In summary, calculating MSE and R² allows us to measure how well the model's predictions align with the actual values and understand the quality of the fit.


# 7. Visualize the Linear Regression Line

In [None]:

# Create a scatter plot for the actual data points
sns.scatterplot(x=X_test.flatten(), y=y_test, color='red', label='Actual', s=50)

# Create a line plot for the regression line (predicted values)
sns.lineplot(x=X_test.flatten(), y=y_pred, color='blue', linewidth=2, label='Predicted')

# Label the plot
plt.xlabel('Number of Gas Pumps')
plt.ylabel('Sales per Year (in thousands)')
plt.title('Linear Regression Fit: Sales vs. Number of Gas Pumps')
plt.legend()
plt.show()

## Alternative to plot the prodiction line using the slope (coefficient) and intercept from trained model

In [None]:
# Create a scatter plot for the actual data points
sns.scatterplot(x=X_test.flatten(), y=y_test, color='red', label='Actual', s=50)
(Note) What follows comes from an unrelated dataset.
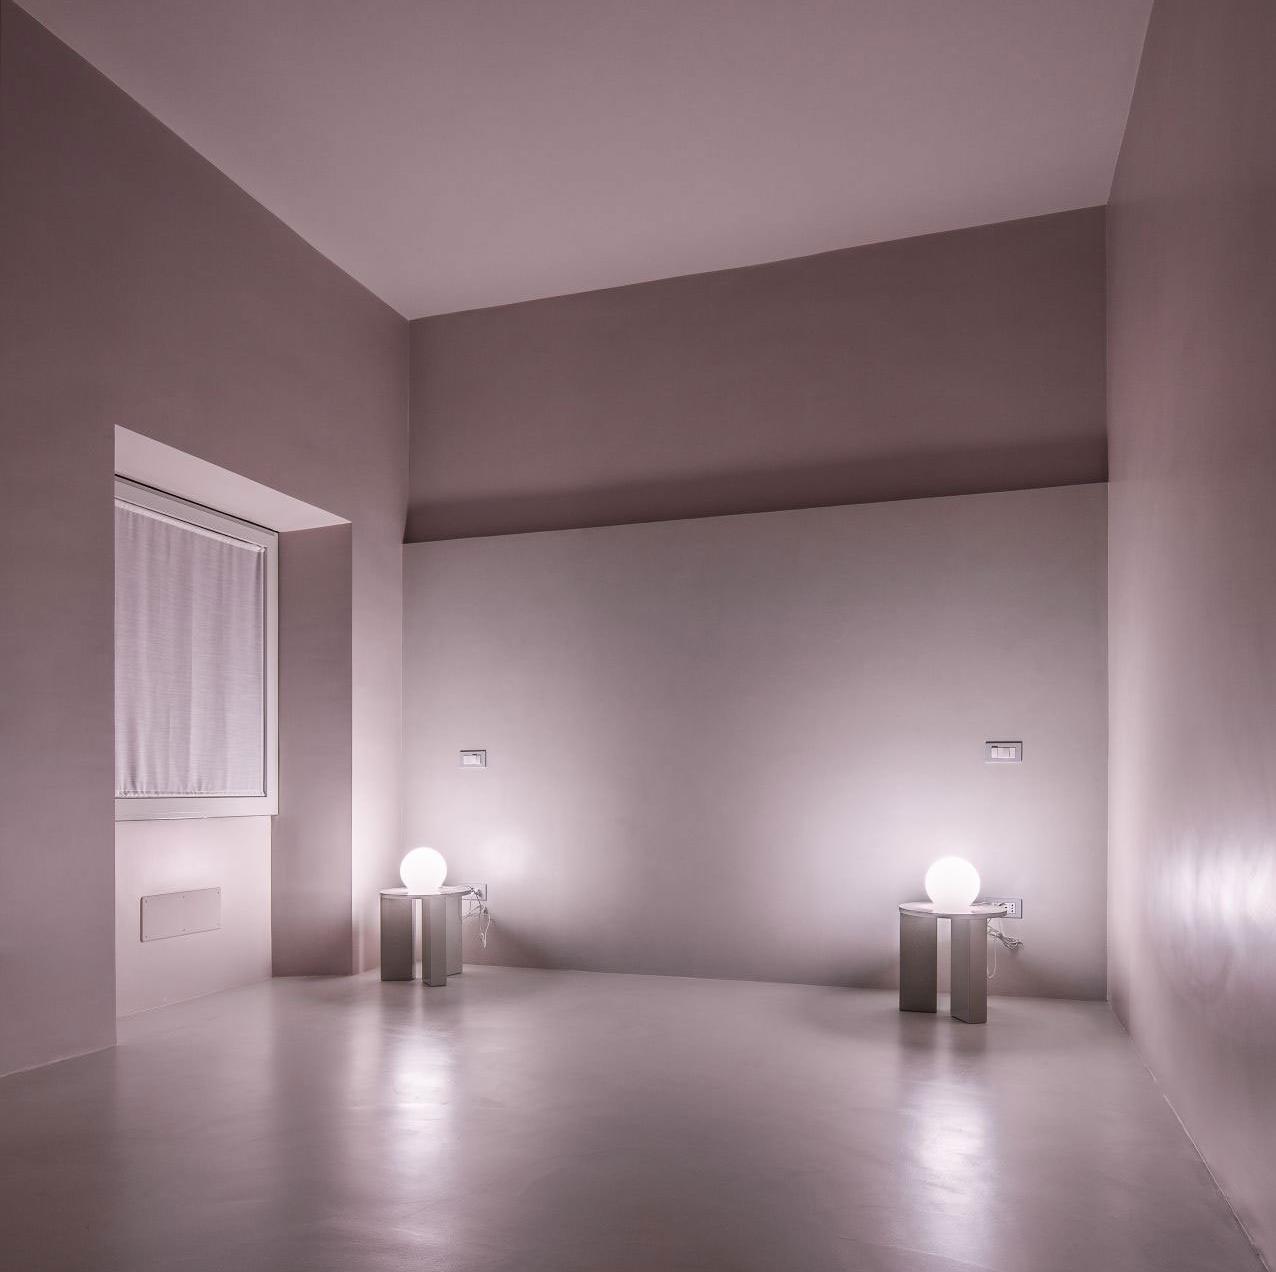 House Of Dust By Antonino Cardillo // Rome, Italy.

# Calculate the regression line using the model's coefficient and intercept
slope = model.coef_[0]
intercept = model.intercept_

# Generate values for the regression line
x_range = np.linspace(X_test.min(), X_test.max(), 100)
y_range = slope * x_range + intercept

# Plot the regression line
sns.lineplot(x=x_range, y=y_range, color='blue', linewidth=2, label='Predicted')

# Label the plot
plt.xlabel('Number of Gas Pumps')
plt.ylabel('Sales per Year (in thousands)')
plt.title('Linear Regression Fit: Sales vs. Number of Gas Pumps')
plt.legend()
# Conclusionplt.show()

# 8. Predict the sale per year for a new gast station with 12 gas pumps

In [None]:
# New gas station with 12 pumps
new_gas_station = np.array([[12]])

# Use the trained model to predict sales for the new gas station
predicted_sales = model.predict(new_gas_station)

# Output the prediction
print(f'Predicted Sales for a gas station with 12 pumps: {predicted_sales[0]:.2f} (in thousands CHF)')

# 9. Save and reuse our trained model

## Save the trained model

In [None]:
import joblib

# Save the trained model to a file
joblib.dump(model, 'linear_regression_model.joblib')

## Load the saved model

In [None]:
# Load the trained model from the file
loaded_model = joblib.load('linear_regression_model.joblib')

# New gas station with 16 pumps
new_gas_station = np.array([[16]])

# Use the loaded model to make predictions
predicted_sales = loaded_model.predict(new_gas_station)
print(f'Predicted Sales for a gas station with 16 pumps: {predicted_sales[0]:.2f} (in thousands CHF)')

# 10. Conclusion

In this tutorial, we have learned how to:
1. Load and visualize the dataset to understand the relationship between the number of gas pumps and sales per year.
2. Prepare the data for linear regression by splitting it into training and testing sets.
3. Train a linear regression model to predict sales based on the number of gas pumps.
4. Evaluate the model's performance using metrics such as Mean Squared Error and R-squared.
5. Visualize the results to see how well the model fits the data.

Linear regression is a useful technique for understanding and predicting relationships in data, and it forms the basis for more advanced machine learning methods.